The only problem after pool-day with Valentis was then I felt very awkward when he delivered things to our house. He had become a social acquaintance and we were no longer just business. I felt bad that he was all sweaty, schlepping on a hot day with so many other deliveries still to make.

Valentis now manages Atmos, a very chic beach cafe and bar on Kampos Beach – which I like much better for him and I'm sure he does too.

I'm not altogether sure what all of this says about me. Clearly, as soon as I humanize someone – when they become a real person to me – I feel uncomfortable with power distance. I want to equalize the relationship. Is that good because I respect people I know? Is it bad because I'll tolerate something for an anonymous person that I wouldn't someone I know? Is it realistic because people serve us and we serve others in various ways and there's always going to be a hierarchy of skills and value for various services?

I never feel badly that my hygienist cleans my teeth or my pokes around my body. I actually really like my dentist, hygienist and doctor and consider the visits a chance to also socialize a little. Professionals have high-level skills, get paid well and have high social standing.

That doesn't always apply. I knew my divorce attorney, Matt, prior to using his services – we both had offices in the same shared office suite and we had been friendly for years before I came to him for help. I really like Matt and because I could see how busy he was and what was going on his life, I felt really badly when I needed his immediately attention on something – because I really wanted to be supportive of his situation – and he came through for me on the biggest, most important things in my life. However, had I been referred to Matt my a friend or acquaintance, maybe I would have been more aggressive about getting his attention when I wanted it….? Still, I never felt badly about the work he did for me. Quite the contrary. I'm really grateful for it and appreciate him tremendously because he has integrity and a good heart in a field where those things can be hard to come by.

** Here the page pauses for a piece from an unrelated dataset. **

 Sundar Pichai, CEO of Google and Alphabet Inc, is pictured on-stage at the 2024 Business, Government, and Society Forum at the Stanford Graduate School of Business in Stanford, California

I'm not altogether sure if my issue is discomfort with Power Distance or just hypocrisy. I'm uncomfortable with inequalities when they're visible to me – when they're among people I know – but kinda' fine with it when there's distance and anonymity. I want someone to load my bags onto the plane even if it's blazing out and no one – including me – wants me to be the one in charge of cleaning the kitchen. When my friend Jesiah and I shared an apartment in Taiwan in 2003-2004, we brought X-14 bathroom cleaning spray from the US. I am sure that stuff is horrible for people and the environment. It has since been discontinued. But for two twenty-something year-old bachelors living abroad, none of that mattered. We bombed the bathroom with X-14, left the apartment and came back to nuclear winter – everything was perfectly sterile. 

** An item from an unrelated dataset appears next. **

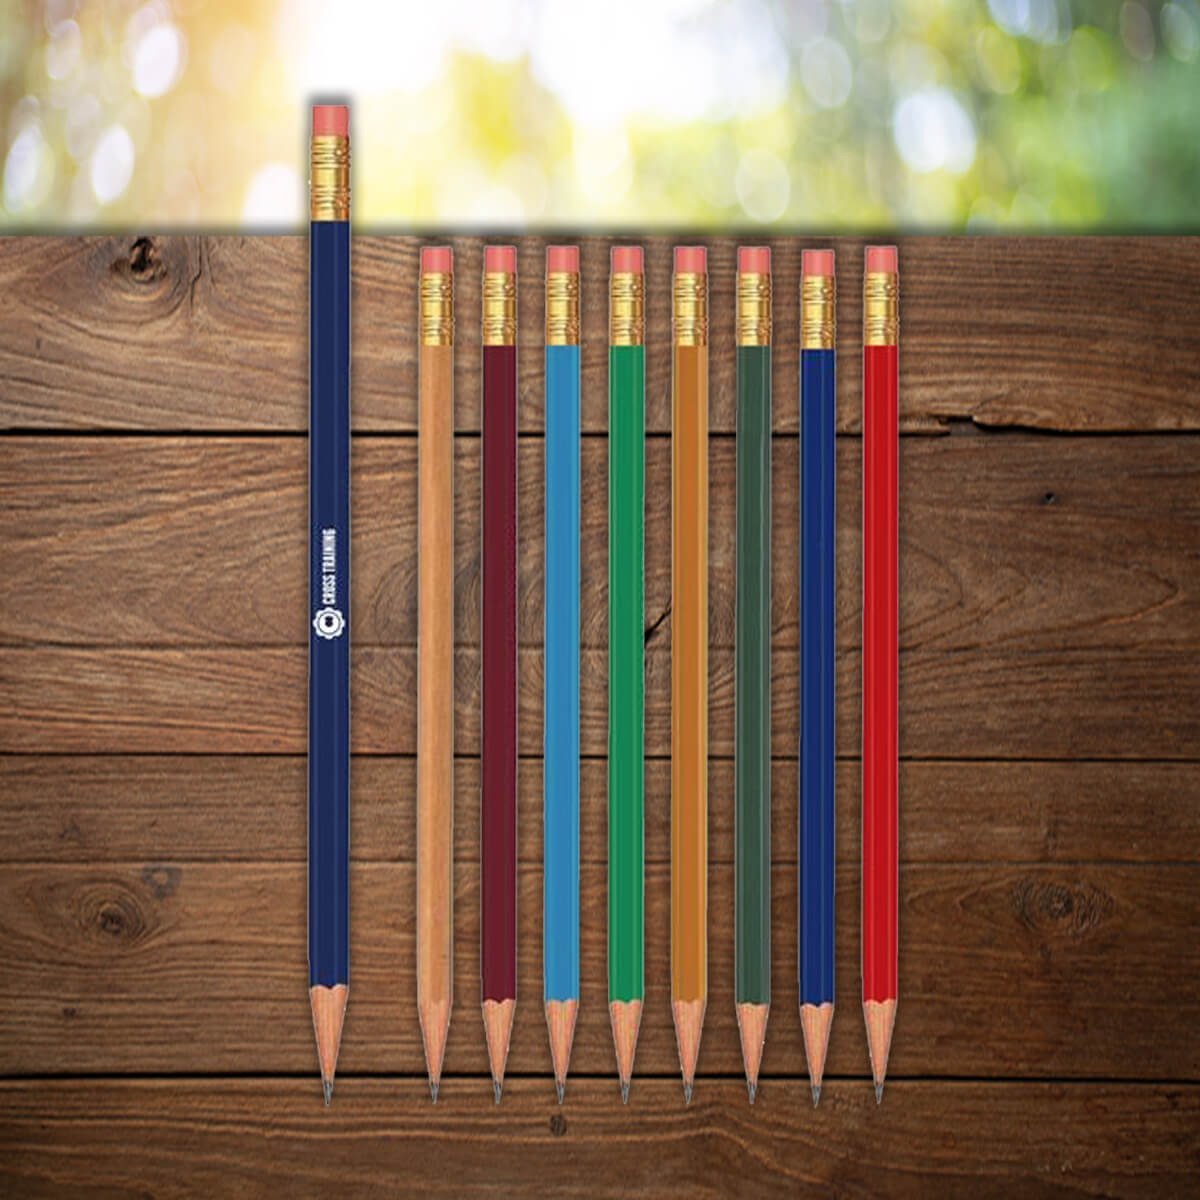 Display of color variety with imprint shown on custom pencils promotional writing implements by curative printing

So what to do with my feelings about Power Distance, hypocrisy, relationships and community? I don't know. On Patmos, it will continue to be something that evolves for me. Sometimes the guy who has to dig through the hot backroom of the old post office to find my Amazon packages is the guy sitting next to me at a cafe. Sometimes the cafe waiter is swimming with his family at the beach with me and my kids.

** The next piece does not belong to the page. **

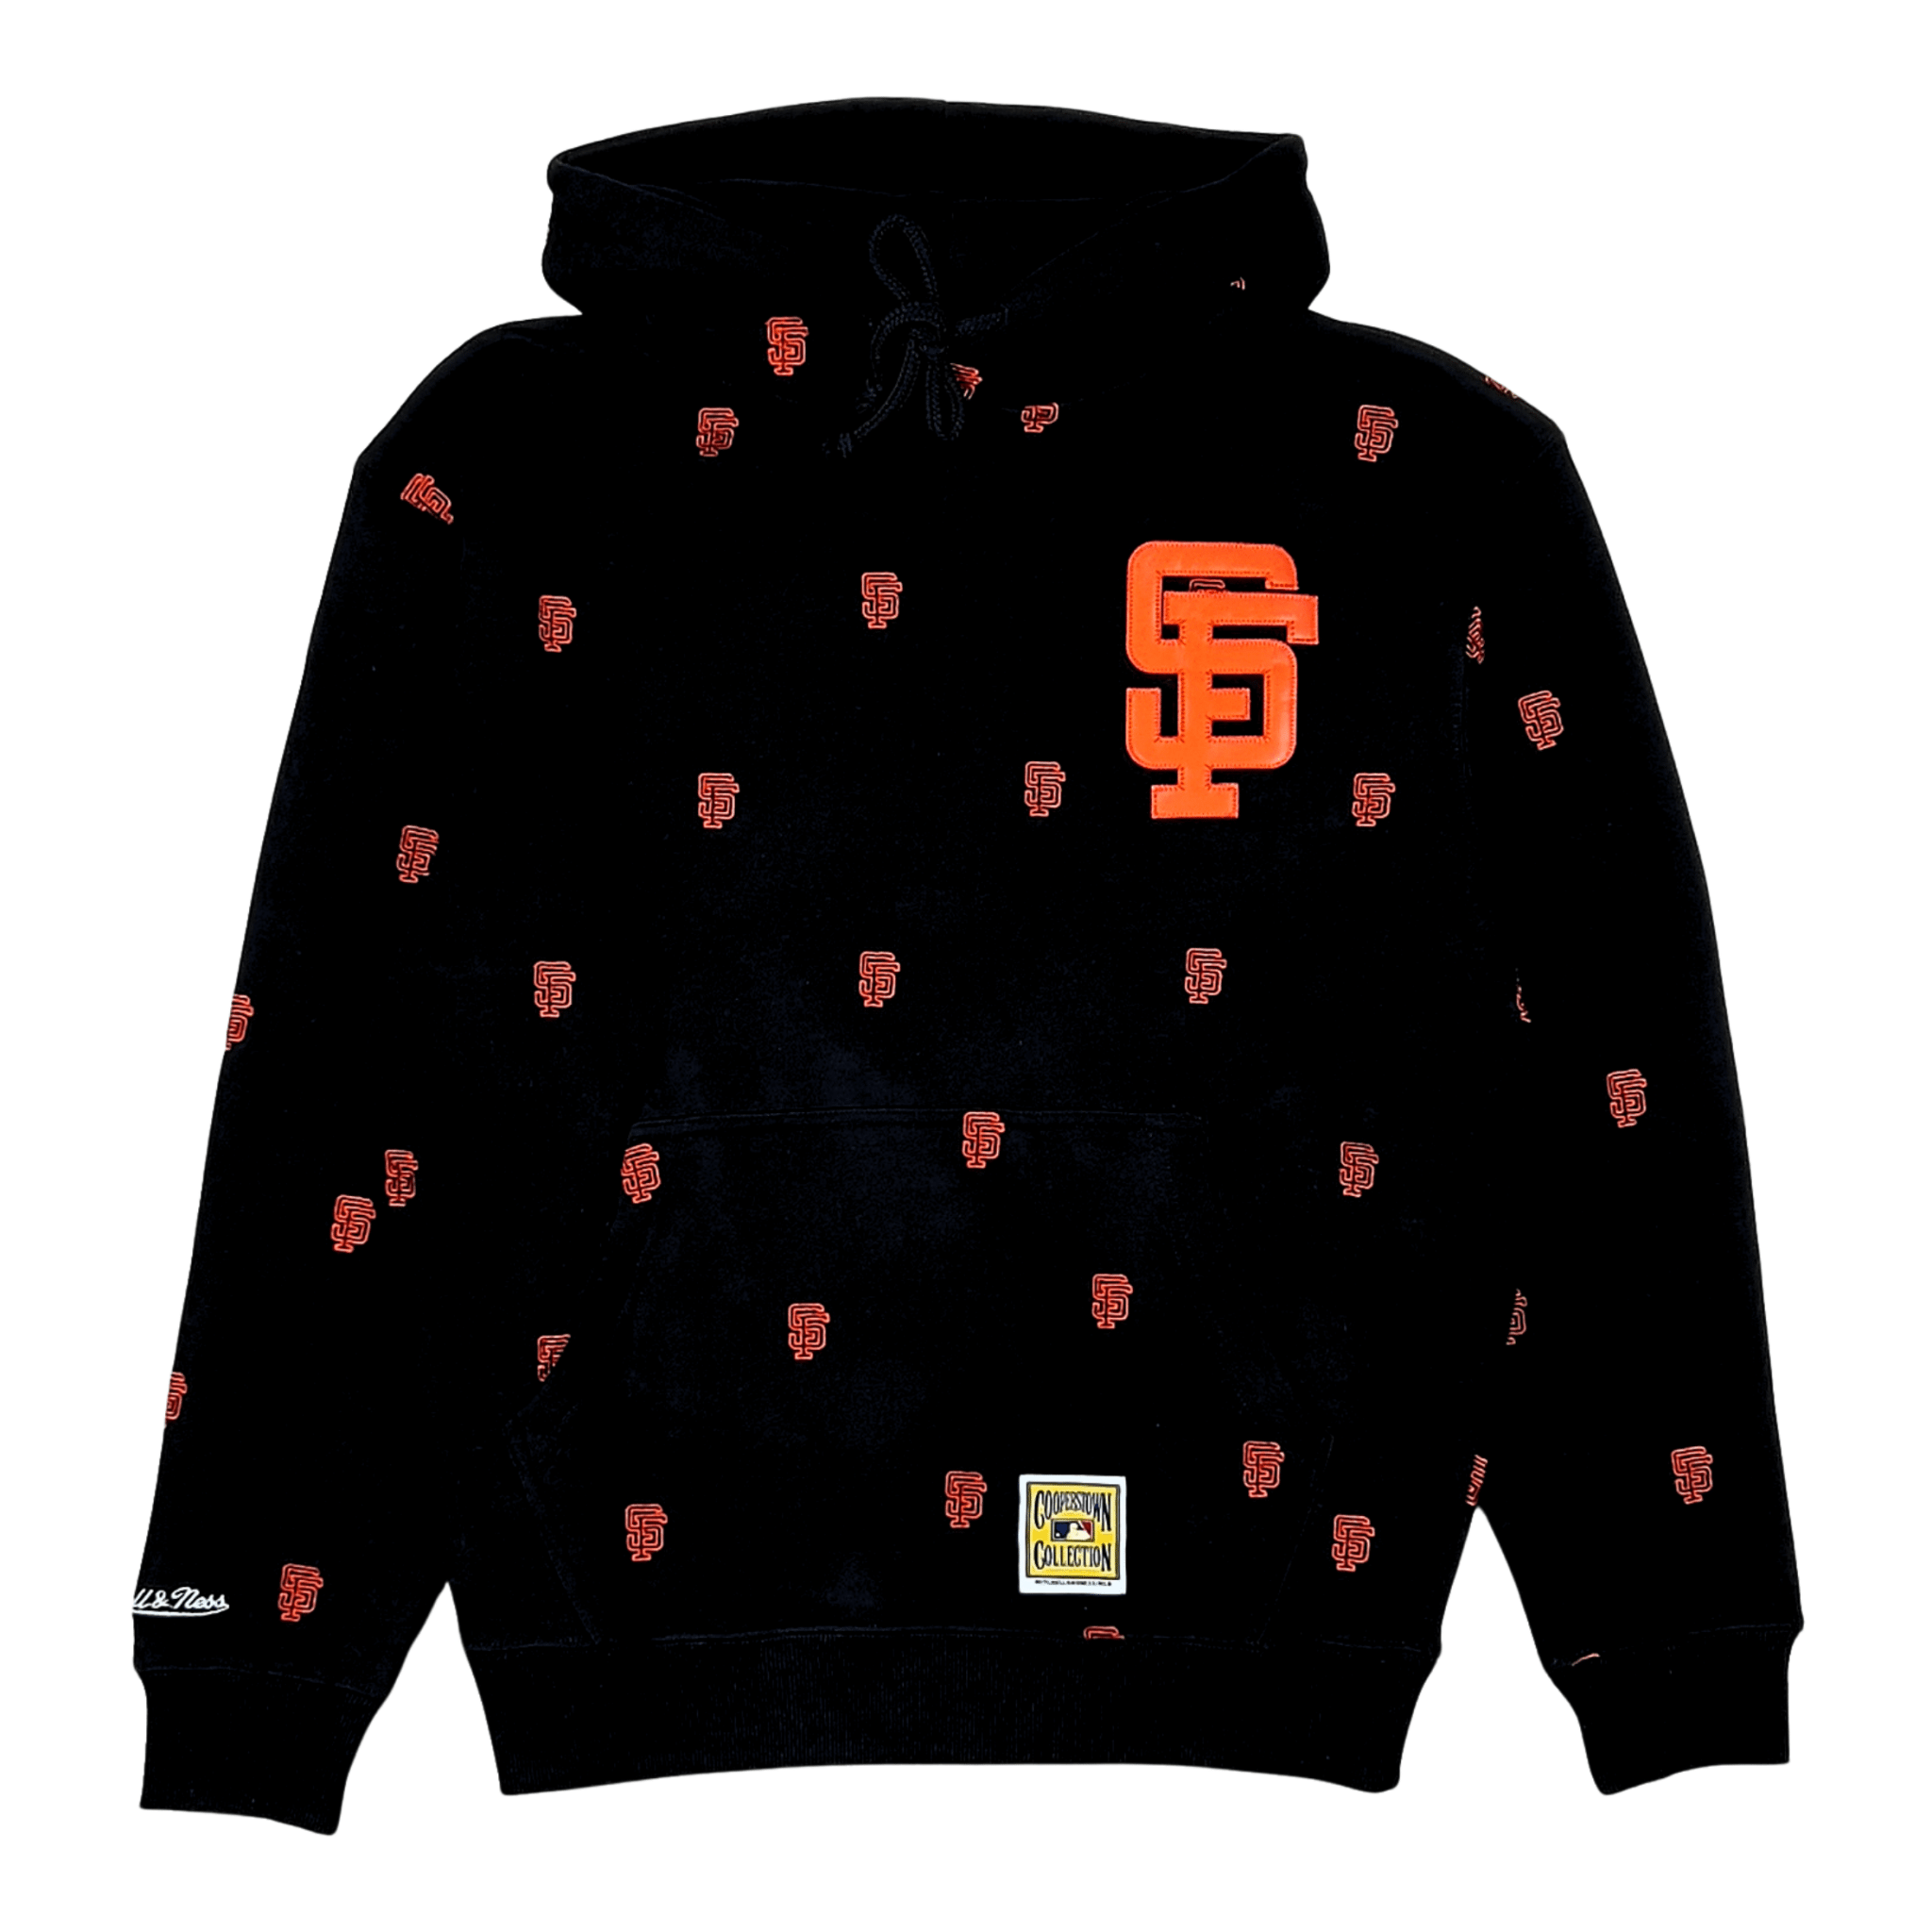 San Francisco Giants Repeat Hoodie in black - Mitchell & Ness - State Of Flux

On the other hand, sometimes the Aga Khan is riding a bicycle around town in a wrinkled cotton button-down, shorts and flip-flops as has been pointed out to me recently. I suppose if we can take one thing from any of this, it's that the Aga Khan – the prince of a country that doesn't exist, religious leader to many and multi-billionaire businessman with multiple nationalities – is helping bring down the Power Distance quotient. So…Aga Khan, Aga Khan, Everybody in the house, Aga Khan.

2 Responses

  1. We all struggle with this. I don’t think you would have thought about it as much if it weren’t for being on a small island. It makes the dynamic much different than being in a city with millions of people.